I’VE A niece called Mary. She’s 18, and off to university soon.
Just before the EU Referendum I heard her debating the pros and cons of Brexit with a much-older relative, using precise facts and figures, deploying powerful arguments - and not backing down.
She’s a bright lass.
Like many of her generation, she knows her way around social media. There’s a constant stream of posts, pictures, and tweets from her, and probably lots more that would mean nothing to me.
The other night she was on a train, tweeting a grumble that a conversation behind her was distracting, she hadn’t any music to listen to and was bored.
‘Read a book!’ I tweeted back.
She didn’t have one with her, she said, I suppose because she was off on a night out and had left behind everything that wasn’t absolutely essential, such as pockets.
Knowing her, she’ll settle down to write one instead, and it’ll be a best-seller.
But I saw a statistic in last Sunday’s paper: apparently four million Brits never read books for pleasure, and another 12 million only do it about once a year, probably when they’re flying abroad for some sunshine.
How does that work? I’m always being asked if it rained on holiday because I never get a proper tan; face to the typeface all fortnight.
Or missing a train stop because my nose is stuck in a book - it happened once on the London Underground, reading Edmund Spenser’s Faerie Queen. I’m beyond hope.

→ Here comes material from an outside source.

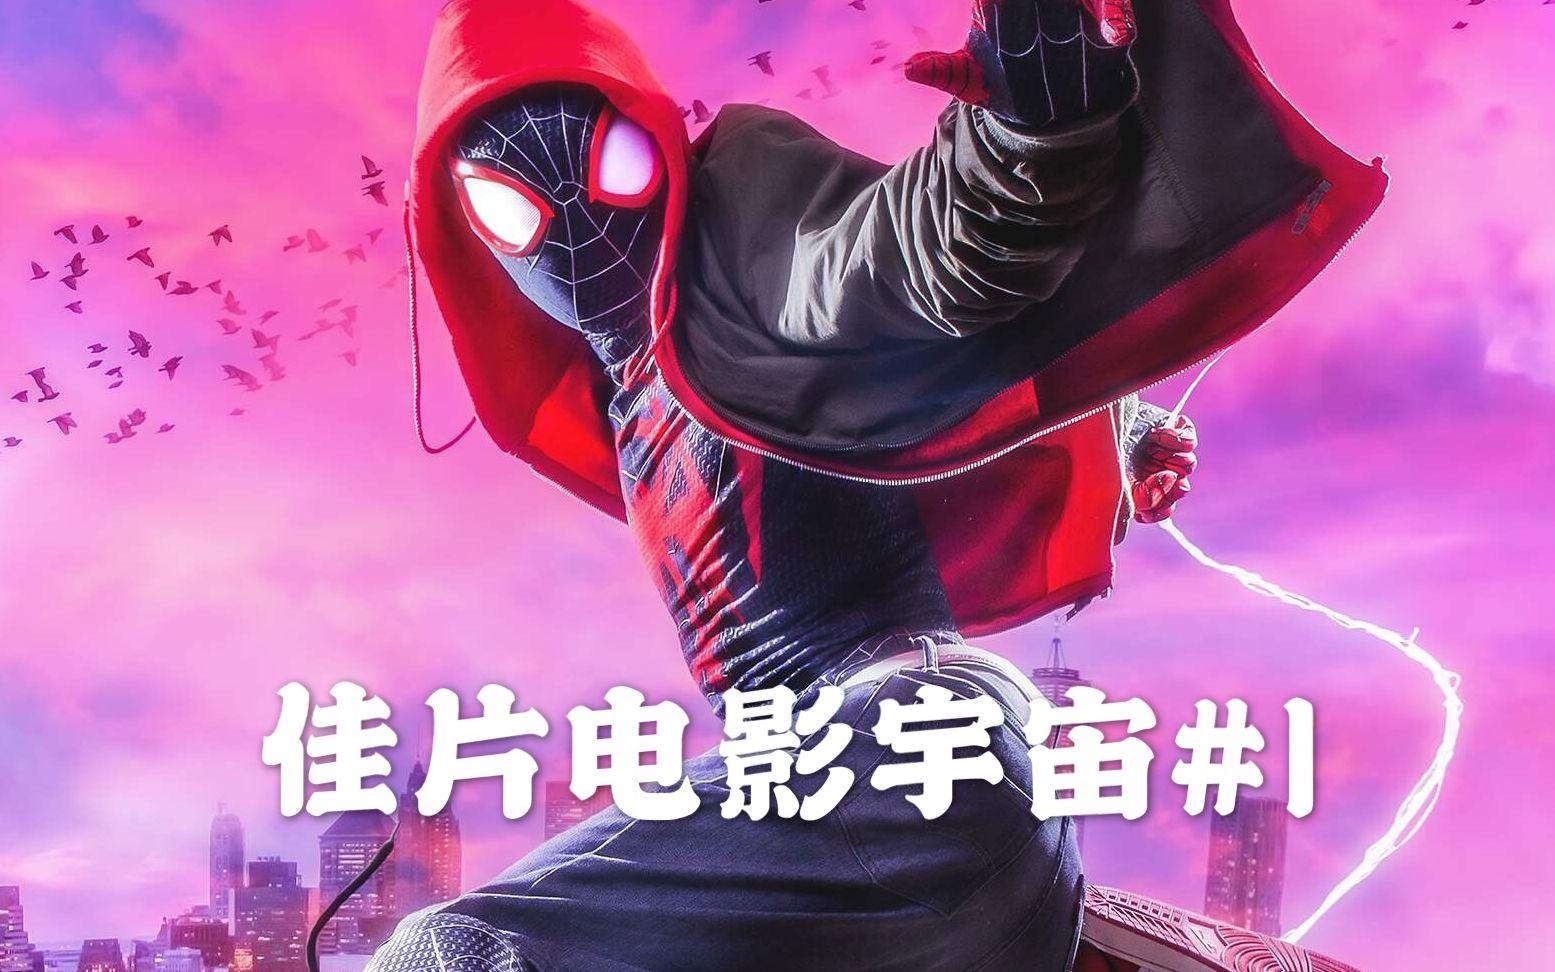 蜘蛛虐待片_【呆面】也许这部片子是蜘蛛侠电影的完全体?_哔哩哔哩 (゜-゜ ...

The August meeting of Airedale Writers’ Circle was a readers’ night, something we do occasionally in the summer when a lot of people are away.
Bring a favourite book, read and share a passage, tell everyone why it speaks to you.
It might be an old favourite, of which it’s nice to be reminded - we had extracts from PG Wodehouse, from James Herriot (‘He’s womiting bad, sorr.’), and a chilling reading of a World War One poem by Wilfred Owen from our youngest member. Or
It might be an unfamiliar author: we had a short story by Raymond Carver, and poems by Alison Chisholm.
Listening to them all, it’s plain that there’s no single way to get it right.
Some extracts worked because they were pared down to essentials, written with precision and economy. Others - particularly an extract from Jerome K Jerome’s Three Men In A Boat – work their magic by piling up detail upon detail until they go to absurd lengths.
We had much-loved, dog-eared volumes that had kept someone company for 50 years at one extreme; e-readers, iPads and smart phones at the other.
They all work that trick of telepathy and carry an idea from the writer’s head to the reader’s. More than that, though: they teach us about each other, about what it’s like to live in someone else’s skin, to feel their pain and share their joys.